[[ SUPPLIED MATERIAL, beginning ]]

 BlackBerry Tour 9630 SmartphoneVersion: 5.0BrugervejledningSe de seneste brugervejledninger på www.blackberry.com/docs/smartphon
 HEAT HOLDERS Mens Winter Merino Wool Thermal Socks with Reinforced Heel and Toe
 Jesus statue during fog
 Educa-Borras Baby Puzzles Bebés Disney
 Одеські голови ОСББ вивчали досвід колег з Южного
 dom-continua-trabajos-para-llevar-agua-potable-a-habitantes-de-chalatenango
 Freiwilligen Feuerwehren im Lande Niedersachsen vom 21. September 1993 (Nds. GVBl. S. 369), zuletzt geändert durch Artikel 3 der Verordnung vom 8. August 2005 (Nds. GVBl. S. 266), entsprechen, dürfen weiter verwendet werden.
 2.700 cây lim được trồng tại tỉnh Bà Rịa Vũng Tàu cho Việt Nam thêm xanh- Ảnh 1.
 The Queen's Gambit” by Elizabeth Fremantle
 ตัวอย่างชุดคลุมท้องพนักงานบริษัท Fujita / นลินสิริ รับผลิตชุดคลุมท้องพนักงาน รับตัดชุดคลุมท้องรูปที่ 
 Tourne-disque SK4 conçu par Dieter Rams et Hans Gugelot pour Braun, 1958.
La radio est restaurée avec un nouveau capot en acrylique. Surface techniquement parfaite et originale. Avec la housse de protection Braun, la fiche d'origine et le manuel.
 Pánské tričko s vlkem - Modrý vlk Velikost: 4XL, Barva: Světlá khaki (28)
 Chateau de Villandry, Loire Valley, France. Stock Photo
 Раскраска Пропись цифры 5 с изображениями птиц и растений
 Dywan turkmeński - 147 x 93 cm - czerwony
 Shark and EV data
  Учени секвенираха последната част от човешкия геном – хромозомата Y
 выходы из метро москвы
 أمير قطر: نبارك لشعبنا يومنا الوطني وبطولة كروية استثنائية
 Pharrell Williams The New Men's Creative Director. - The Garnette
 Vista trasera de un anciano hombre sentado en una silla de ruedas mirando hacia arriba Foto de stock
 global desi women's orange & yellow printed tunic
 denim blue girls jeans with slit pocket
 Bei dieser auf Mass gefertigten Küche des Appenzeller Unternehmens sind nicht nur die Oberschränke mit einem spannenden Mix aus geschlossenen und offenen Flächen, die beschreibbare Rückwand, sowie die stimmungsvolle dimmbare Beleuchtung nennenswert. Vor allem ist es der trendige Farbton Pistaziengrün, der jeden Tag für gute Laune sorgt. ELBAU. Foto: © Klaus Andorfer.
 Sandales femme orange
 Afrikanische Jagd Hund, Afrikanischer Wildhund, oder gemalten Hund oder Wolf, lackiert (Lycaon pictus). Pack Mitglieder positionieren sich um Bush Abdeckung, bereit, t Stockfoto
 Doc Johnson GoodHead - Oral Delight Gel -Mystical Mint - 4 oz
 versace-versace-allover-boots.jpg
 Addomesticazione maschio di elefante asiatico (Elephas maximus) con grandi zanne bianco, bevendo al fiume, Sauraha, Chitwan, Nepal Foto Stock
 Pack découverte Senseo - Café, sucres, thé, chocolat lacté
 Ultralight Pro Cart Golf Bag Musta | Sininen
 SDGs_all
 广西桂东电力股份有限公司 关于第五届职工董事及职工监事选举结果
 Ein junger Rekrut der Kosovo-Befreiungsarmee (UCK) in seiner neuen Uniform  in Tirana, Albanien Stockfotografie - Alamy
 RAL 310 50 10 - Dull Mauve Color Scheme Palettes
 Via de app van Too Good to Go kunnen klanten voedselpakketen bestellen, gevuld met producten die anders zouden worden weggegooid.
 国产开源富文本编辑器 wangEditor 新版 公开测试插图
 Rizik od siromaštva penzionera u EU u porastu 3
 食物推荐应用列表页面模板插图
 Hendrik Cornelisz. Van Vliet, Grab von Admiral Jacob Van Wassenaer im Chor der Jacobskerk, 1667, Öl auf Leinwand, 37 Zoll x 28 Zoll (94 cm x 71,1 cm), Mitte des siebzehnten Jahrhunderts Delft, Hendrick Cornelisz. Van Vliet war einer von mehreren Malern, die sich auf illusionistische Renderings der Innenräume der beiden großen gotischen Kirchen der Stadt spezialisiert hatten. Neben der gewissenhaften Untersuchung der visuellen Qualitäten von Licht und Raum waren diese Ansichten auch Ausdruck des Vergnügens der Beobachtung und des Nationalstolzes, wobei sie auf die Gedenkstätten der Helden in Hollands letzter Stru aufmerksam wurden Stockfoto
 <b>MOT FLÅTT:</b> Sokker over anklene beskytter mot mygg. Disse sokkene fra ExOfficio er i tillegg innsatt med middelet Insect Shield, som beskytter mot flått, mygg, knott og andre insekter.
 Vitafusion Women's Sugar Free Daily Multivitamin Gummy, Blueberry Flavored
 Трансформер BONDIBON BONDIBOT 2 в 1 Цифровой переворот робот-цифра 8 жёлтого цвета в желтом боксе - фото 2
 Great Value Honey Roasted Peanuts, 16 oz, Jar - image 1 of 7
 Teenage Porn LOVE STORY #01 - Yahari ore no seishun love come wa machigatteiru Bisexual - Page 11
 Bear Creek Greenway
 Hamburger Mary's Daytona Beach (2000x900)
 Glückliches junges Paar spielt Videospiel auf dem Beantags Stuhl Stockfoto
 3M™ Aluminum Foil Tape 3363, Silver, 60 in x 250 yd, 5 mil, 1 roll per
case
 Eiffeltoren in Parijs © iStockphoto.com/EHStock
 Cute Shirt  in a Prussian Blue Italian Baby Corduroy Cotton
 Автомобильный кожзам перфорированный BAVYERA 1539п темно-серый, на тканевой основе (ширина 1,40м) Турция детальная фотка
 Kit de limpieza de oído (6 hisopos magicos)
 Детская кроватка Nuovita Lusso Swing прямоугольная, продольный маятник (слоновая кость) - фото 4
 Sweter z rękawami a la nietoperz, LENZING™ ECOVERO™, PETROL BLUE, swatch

[[ SUPPLIED MATERIAL, end ]]

*TASK OBJECTIVE*:
Please reproduce, exactly as they appear above, the lines from the line containing "Baby Corduroy Cotton" up to and including the line containing "Kit de limpieza de oído (6 hisopos magicos)".

*TASK ANSWER*:
 Cute Shirt  in a Prussian Blue Italian Baby Corduroy Cotton
 Автомобильный кожзам перфорированный BAVYERA 1539п темно-серый, на тканевой основе (ширина 1,40м) Турция детальная фотка
 Kit de limpieza de oído (6 hisopos magicos)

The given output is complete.